Proclus attributes to Euclid a Treatise on music (Εἰσαγωγὴ, Ἁρμονική), which, like astronomy, theoretical music, for example in the form of an applied theory of proportions, is listed among the mathematical sciences. Two small writings have been preserved in Greek, and have been included in ancient editions of Euclid, but their adjudication is uncertain, as well as their possible links with the Elements. The two writings (a Section of the canon on musical intervals and an Harmonic Introduction) are, on the other hand, considered to be contradictory and the second, at least, is now considered by specialists as from another author.

Works falsely attributed to Euclid

Euclides, 1703

Catoptrics (Κατοητρικά) deals with the mathematical theory of mirrors, in particular the images formed in flat and spherical concave mirrors.

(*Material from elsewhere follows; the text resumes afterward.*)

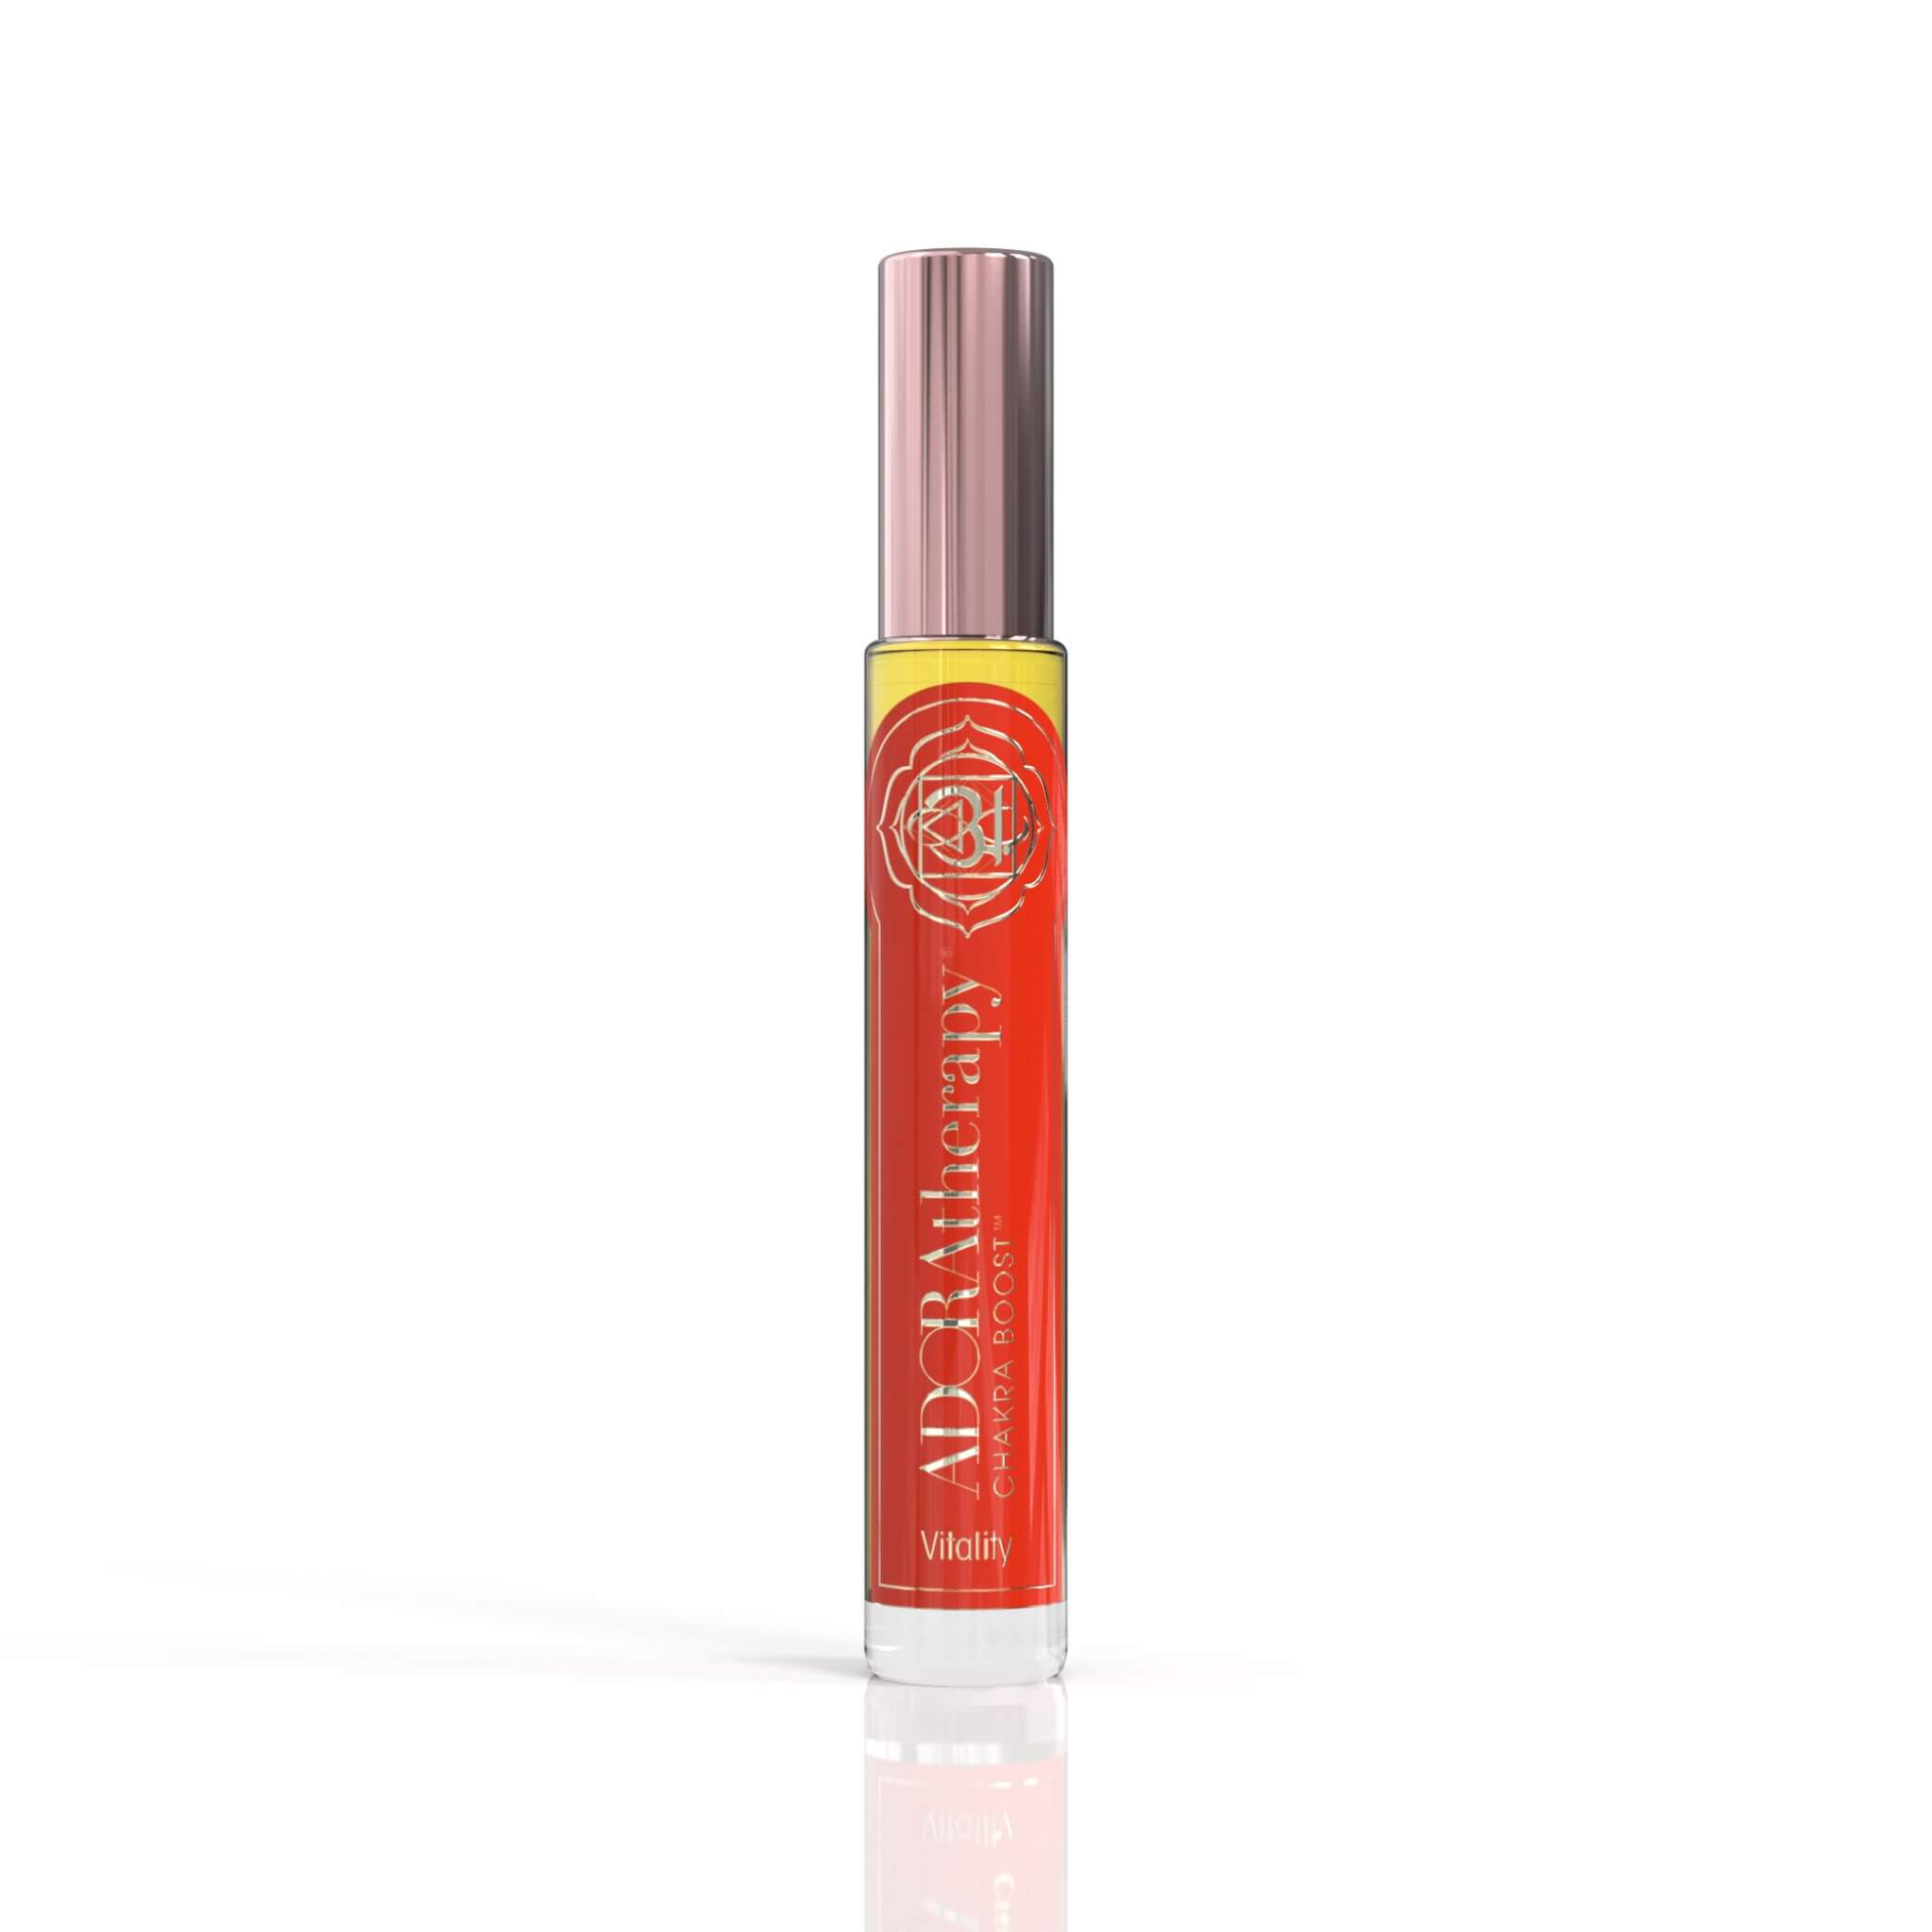 Chakra 1 Vitality Roll On Perfume Oil by ADORAtherapy

The attribution of it to Euclid is doubtful; its author could have been Theon of Alexandria. It appears in Euclid's text on optics and in Proclus' commentary. It is now considered lost, and in particular, Catoptrics, long published as a continuation of the Optics in older editions, is no longer attributed to Euclid; it is considered to be a later compilation.

Euclid is also mentioned as the author of fragments in relation to mechanics, specifically in texts on the lever and balance, in some manuscripts in Latin or Arabic. The award is now considered doubtful.

Editions

  • The first edition of the modern era of the works of Euclides in Greek is that of David Gregory, in Oxford in 1703, with a Latin translation. François Peyrard made an edition in 3 volumes and 3 languages (Greek, Latin and French) of the Elements and Date (i.e., of all the texts of Euclides of pure mathematics known in Greek) in Paris, 1814-1818.
  • The reference edition of Euclides in Greek remains that of Heiberg and Menge, dated at the end of the XIX: Heiberg; Menge (1883). Teubner, ed. Euclidis operates omnia. Leipzig.
It includes a Latin translation along with the Greek text and contains all the well-known writings (including the dubious awards), as well as several comments by ancient authors.

Acknowledgment

  • The Euclides lunar crater bears this name in his memory.